§ **TASK DETAILS**: Would you return the data below exactly as it stands, with every picture left out?

§ **GIVEN MATERIAL**:
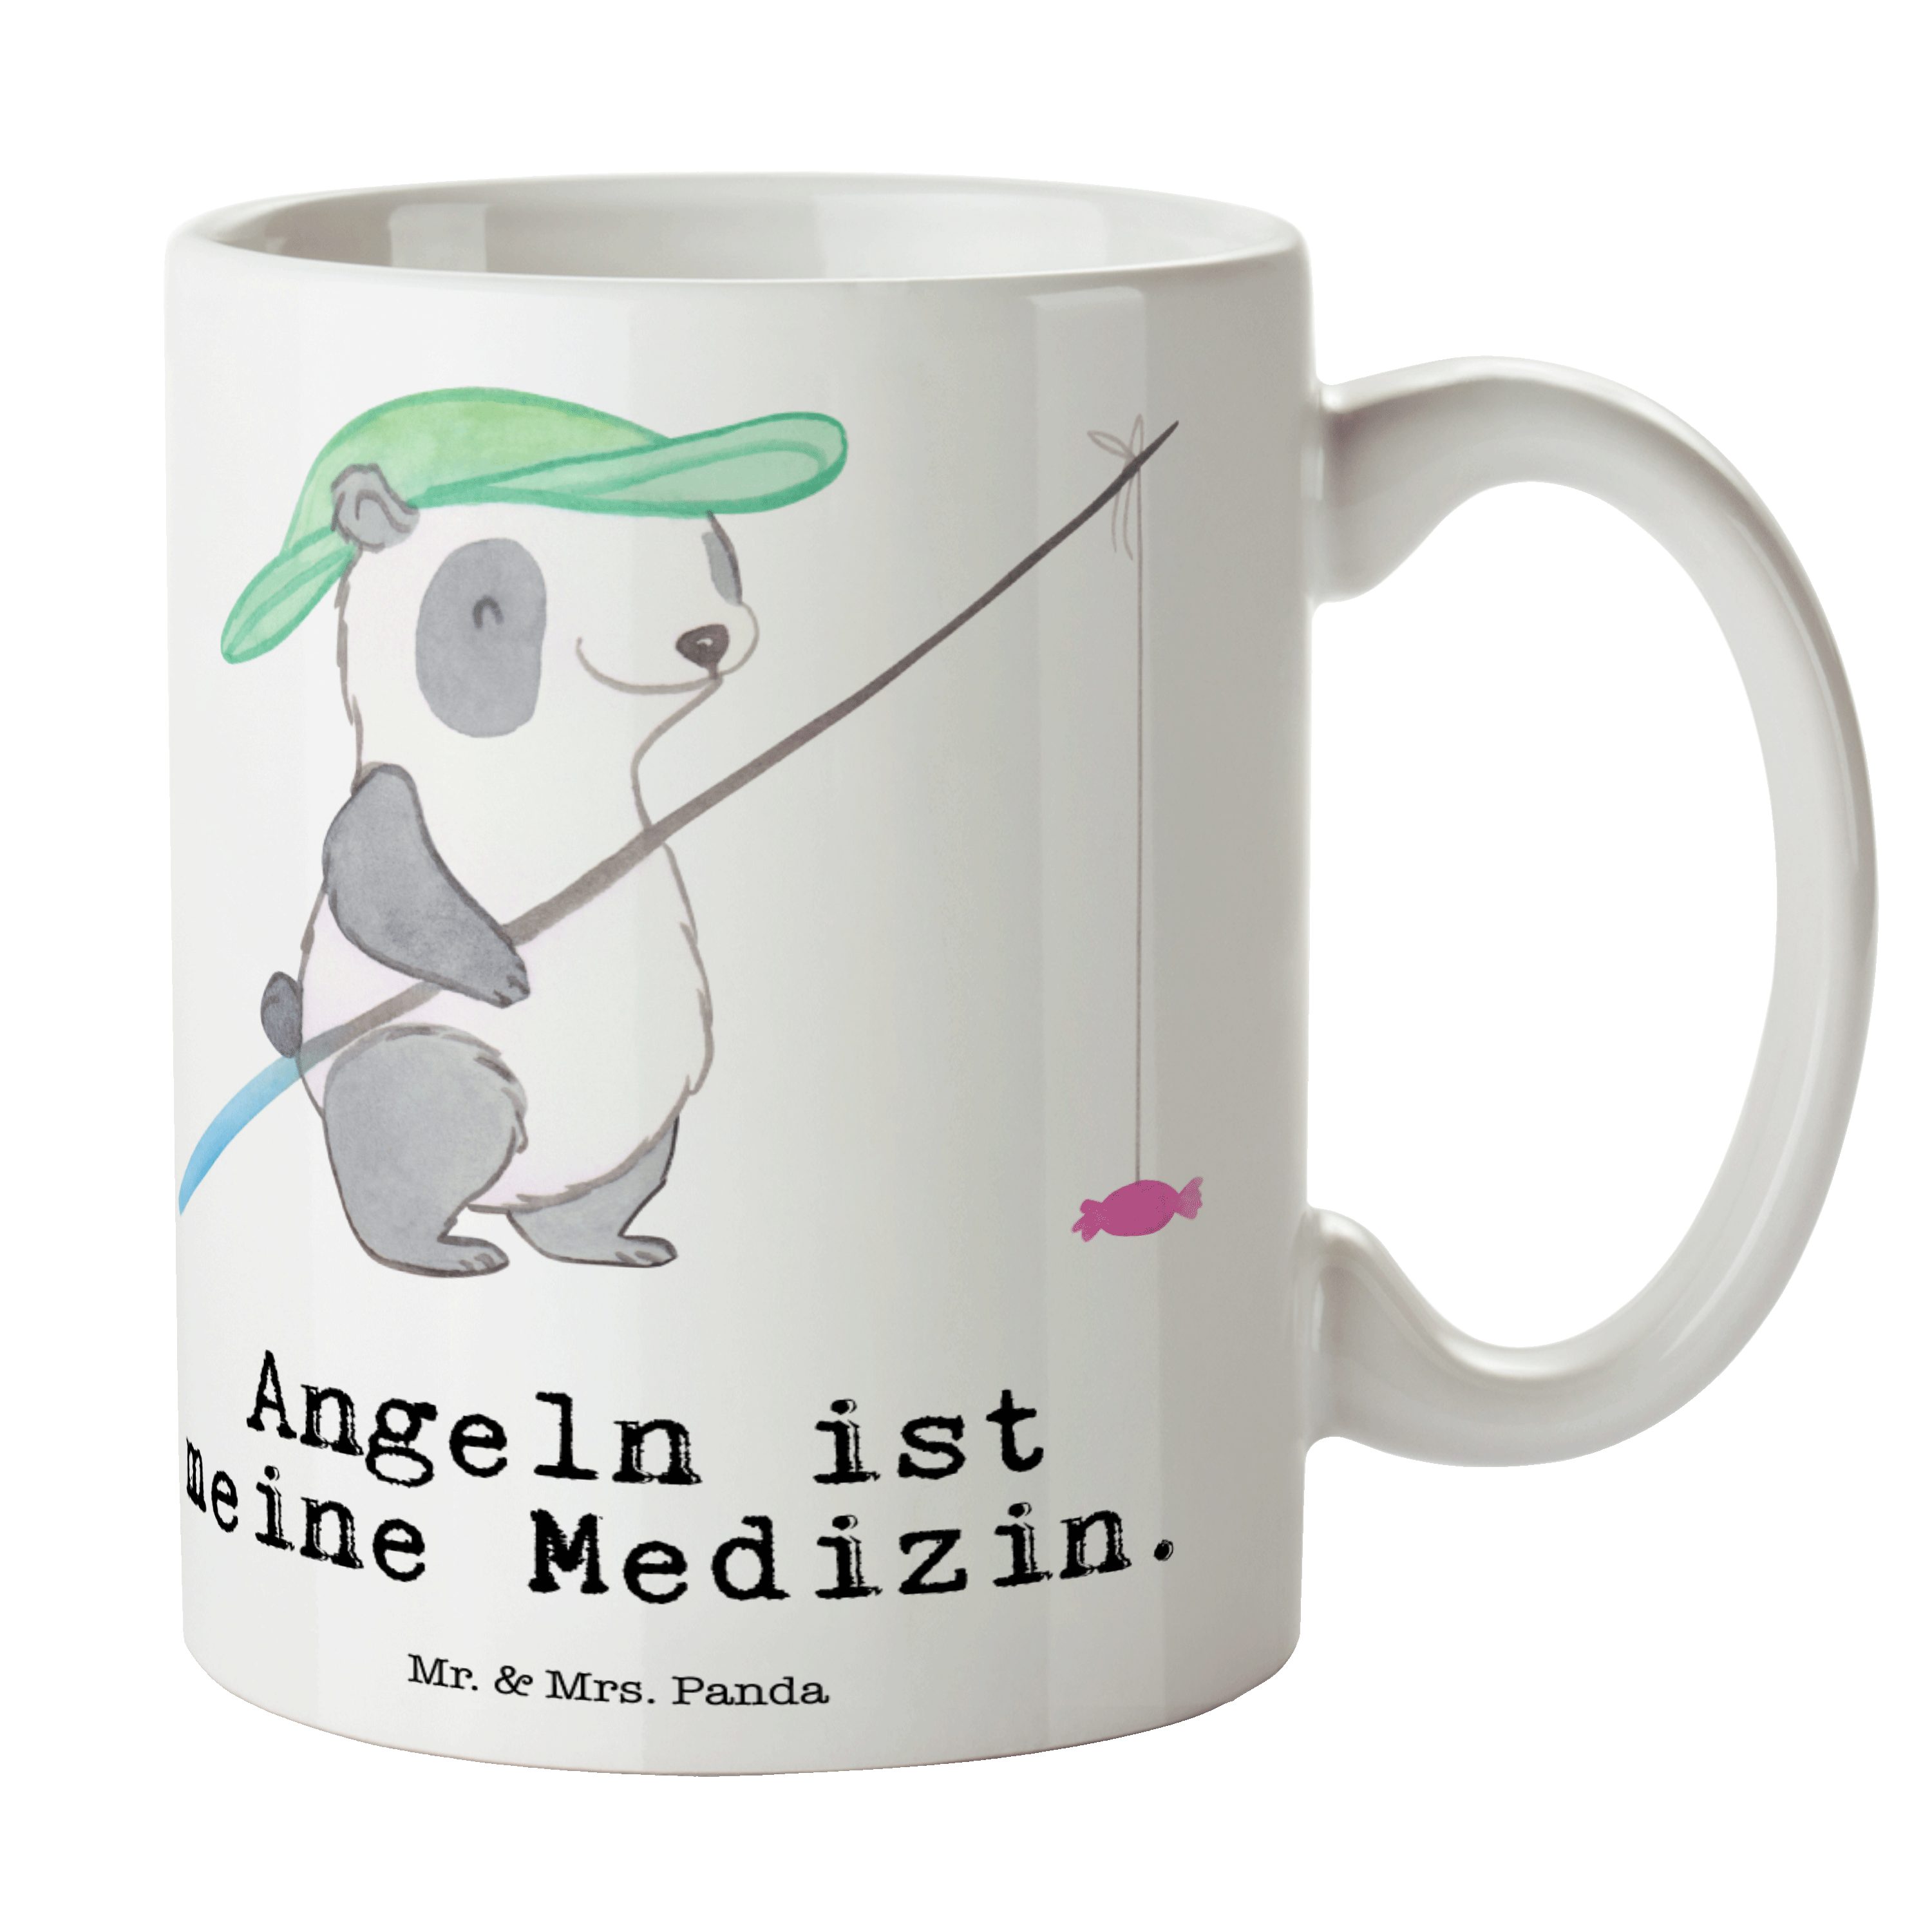 Mr. & Mrs. Panda Tasse Panda Angeln Medizin - Weiß - Geschenk, Kaffeebecher, Keramiktasse, T, Keramik
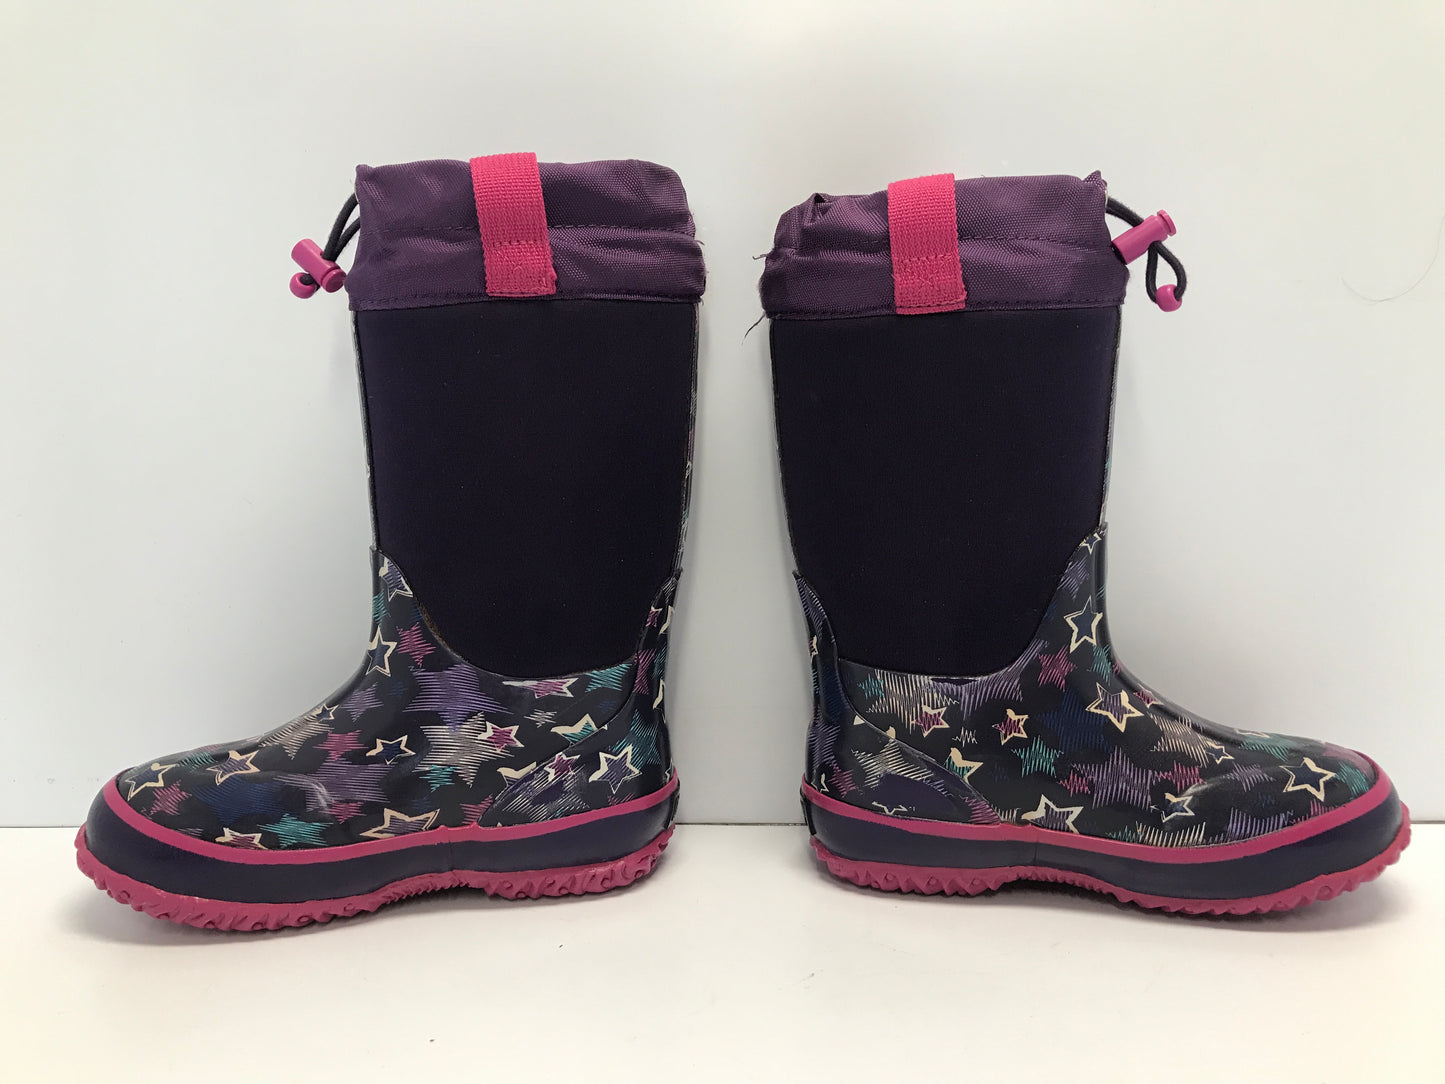 Winter Boots Rain Child Size 13  Bogs Style Cougar Purple Stars Pink Like New
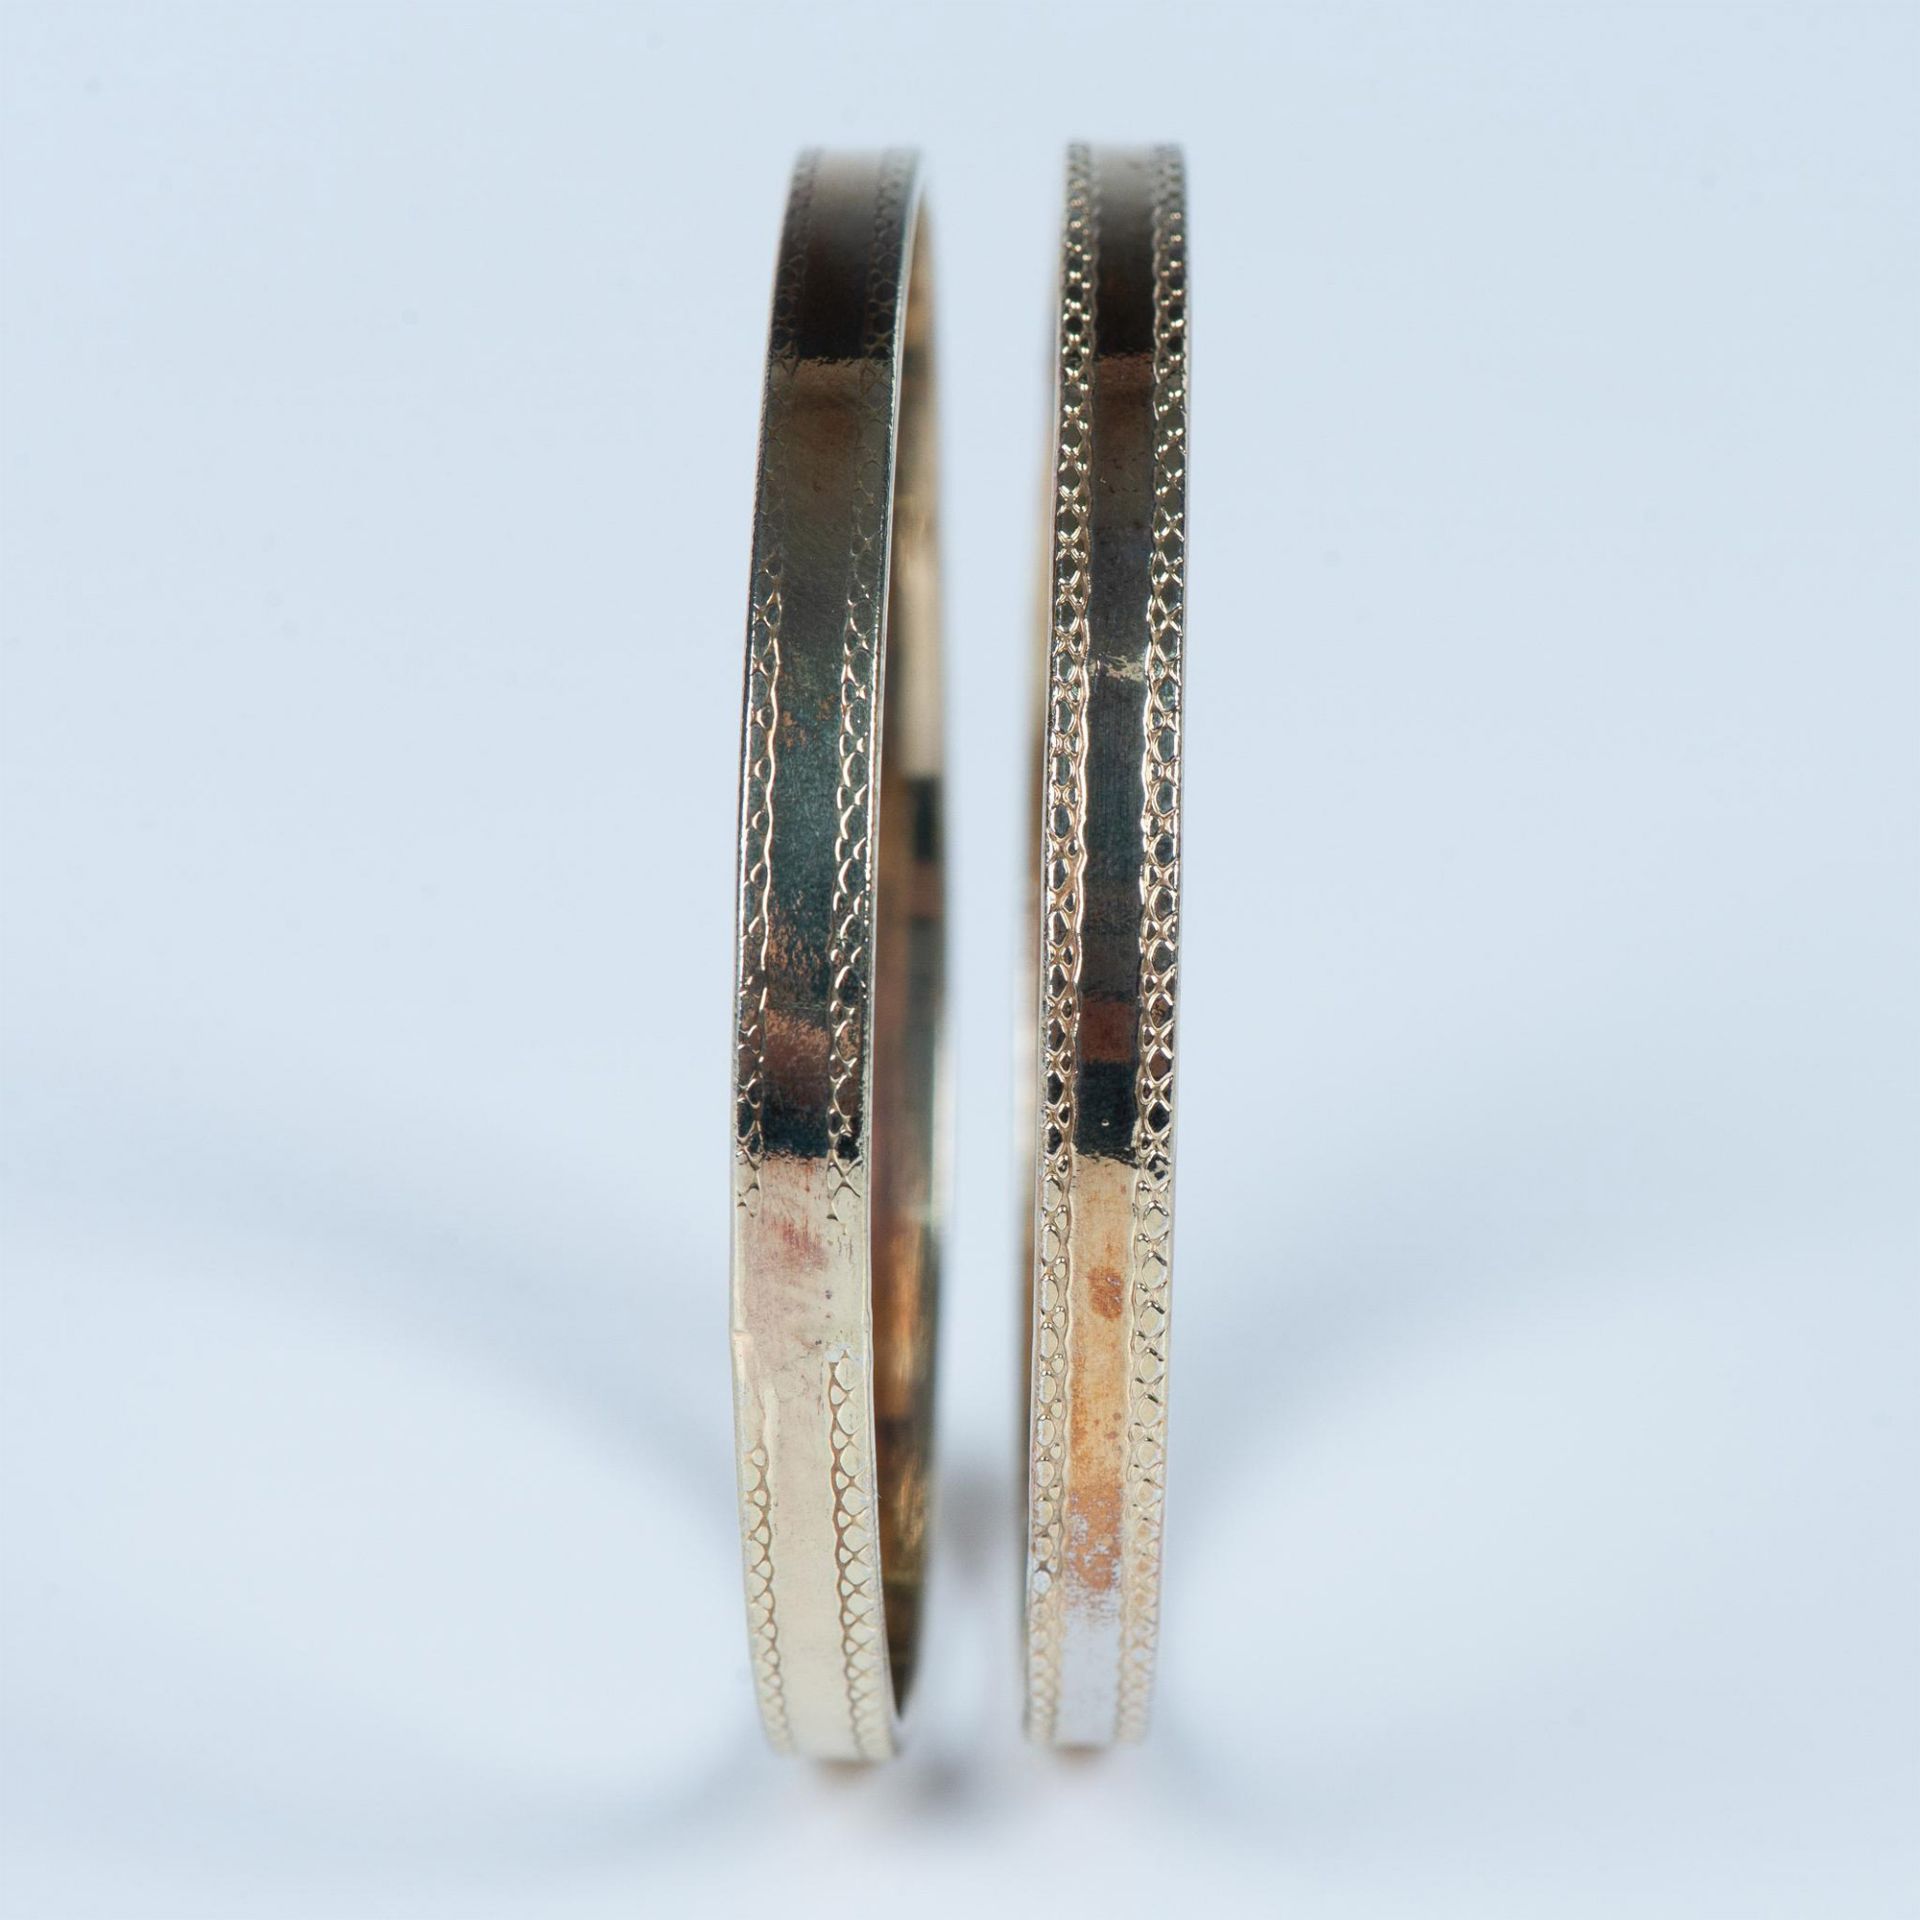 2pc Beautiful Gold Washed Silver Bangle Bracelets - Image 4 of 4

§ **YOUR RESPONSE**:
 Mr. & Mrs. Panda Tasse Panda Angeln Medizin - Weiß - Geschenk, Kaffeebecher, Keramiktasse, T, Keramik
 Winter Boots Rain Child Size 13  Bogs Style Cougar Purple Stars Pink Like New
 2pc Beautiful Gold Washed Silver Bangle Bracelets - Image 4 of 4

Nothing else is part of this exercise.